ACORD Clause Retrieval Dataset
(Redirected from Clause Retrieval Corpus)
Jump to navigation
Jump to search
A ACORD Clause Retrieval Dataset is a graded-relevance expert-annotated legal clause dataset that contains relevance annotations for contract clause retrieval tasks to support precedent-based contract drafting.
- AKA: Atticus Clause Retrieval Dataset, ACORD Dataset, Clause Retrieval Corpus, Precedent Clause Dataset.
- Context:
- It can typically contain 114 Querys paired with 126,000+ Query-Clause Pairs from legal contracts.
- It can typically include 400+ EDGAR Contracts as source documents for clause extraction.
- It can typically provide 1-5 Star Ratings indicating clause quality and relevance levels.
- It can typically support Graded Relevance Evaluation using NDCG metrics.
- It can typically enable Retrieval-Augmented Generation for contract drafting applications.
- ...
- It can often facilitate Few-Shot Clause Learning through high-quality examples.
- It can often benchmark Dense Retrieval Systems against sparse baselines.
- It can often evaluate Cross-Domain Generalization across contract types.
- It can often measure Precision at K for top-ranked clauses.
- ...
- It can range from being a Small ACORD Clause Retrieval Dataset to being a Large ACORD Clause Retrieval Dataset, depending on its dataset size.
- It can range from being a Single-Domain ACORD Clause Retrieval Dataset to being a Multi-Domain ACORD Clause Retrieval Dataset, depending on its contract domain coverage.
- It can range from being a Binary ACORD Clause Retrieval Dataset to being a Graded ACORD Clause Retrieval Dataset, depending on its relevance annotation granularity.

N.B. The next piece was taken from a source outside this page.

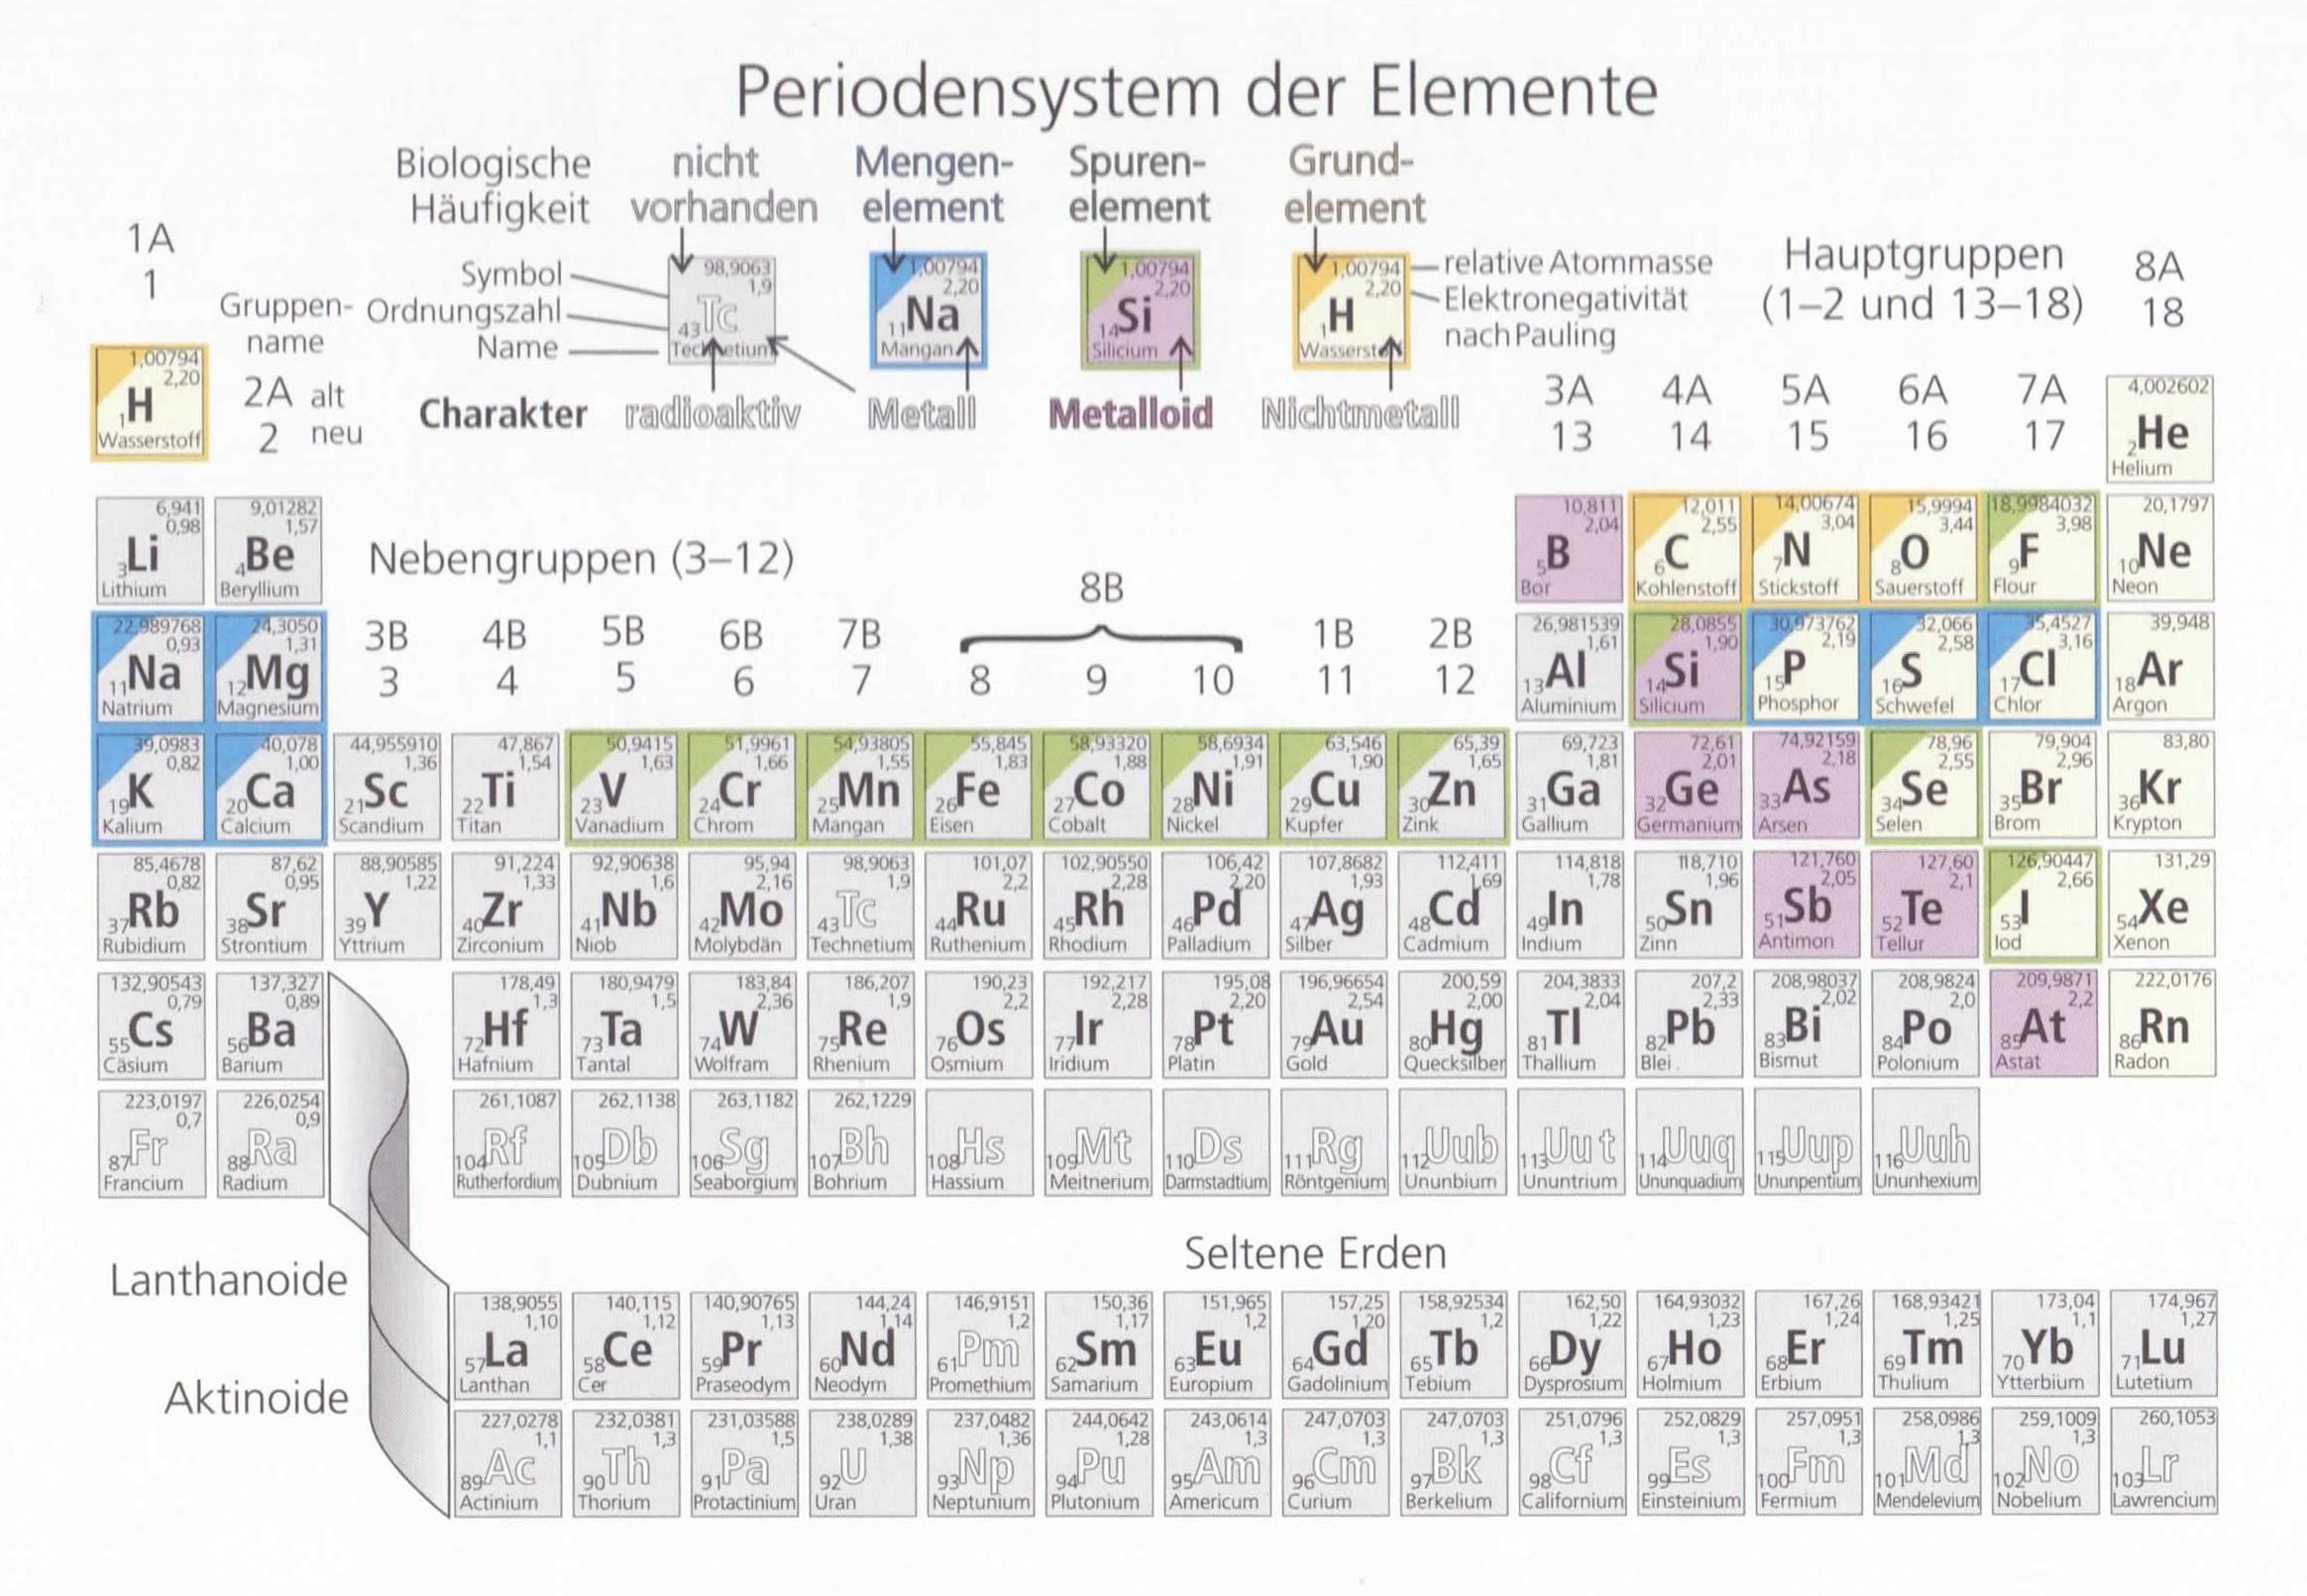 Tolle Anatomie Des Periodensystems Zeitgenössisch - Menschliche ...

- It can range from being a Static ACORD Clause Retrieval Dataset to being a Evolving ACORD Clause Retrieval Dataset, depending on its update frequency.
- ...
- It can integrate with Clause Similarity Retrieval Mechanisms for system training.
- It can support Retrieval-Augmented Natural Language Generation (RAG) Techniques for clause generation.
- It can benchmark Contract Clause Discovery Tasks through retrieval evaluation.
- It can connect to Contract Management Platforms for clause library building.
- It can interface with AI-based Contract Review Systems for precedent access.
- ...
- Example(s):
- ACORD v1 (2024), with 114 querys and 126,000 pairs from EDGAR filings.
- Query Types in ACORD, such as:
- Obligation Querys seeking duty clauses.
- Right Querys finding entitlement provisions.
- Restriction Querys locating limitation clauses.
- Annotation Levels in ACORD, such as:
- 5-Star Clauses representing perfect precedents.
- 3-Star Clauses showing partial relevance.
- 1-Star Clauses indicating minimal applicability.
- ...
- Counter-Example(s):
- Binary Classification Datasets like CUAD, which lack graded relevance.
- Document-Level Datasets without clause-level annotations.
- Synthetic Legal Datasets lacking real contract examples.
- See: Contract Understanding Atticus Dataset (CUAD), LEDGAR Dataset, Clause Similarity Retrieval Mechanism, Contract Clause Discovery Task, Retrieval-Augmented Natural Language Generation (RAG) Technique, Legal Clause Identification Task, Annotated Legal Dataset, Contract Drafting System.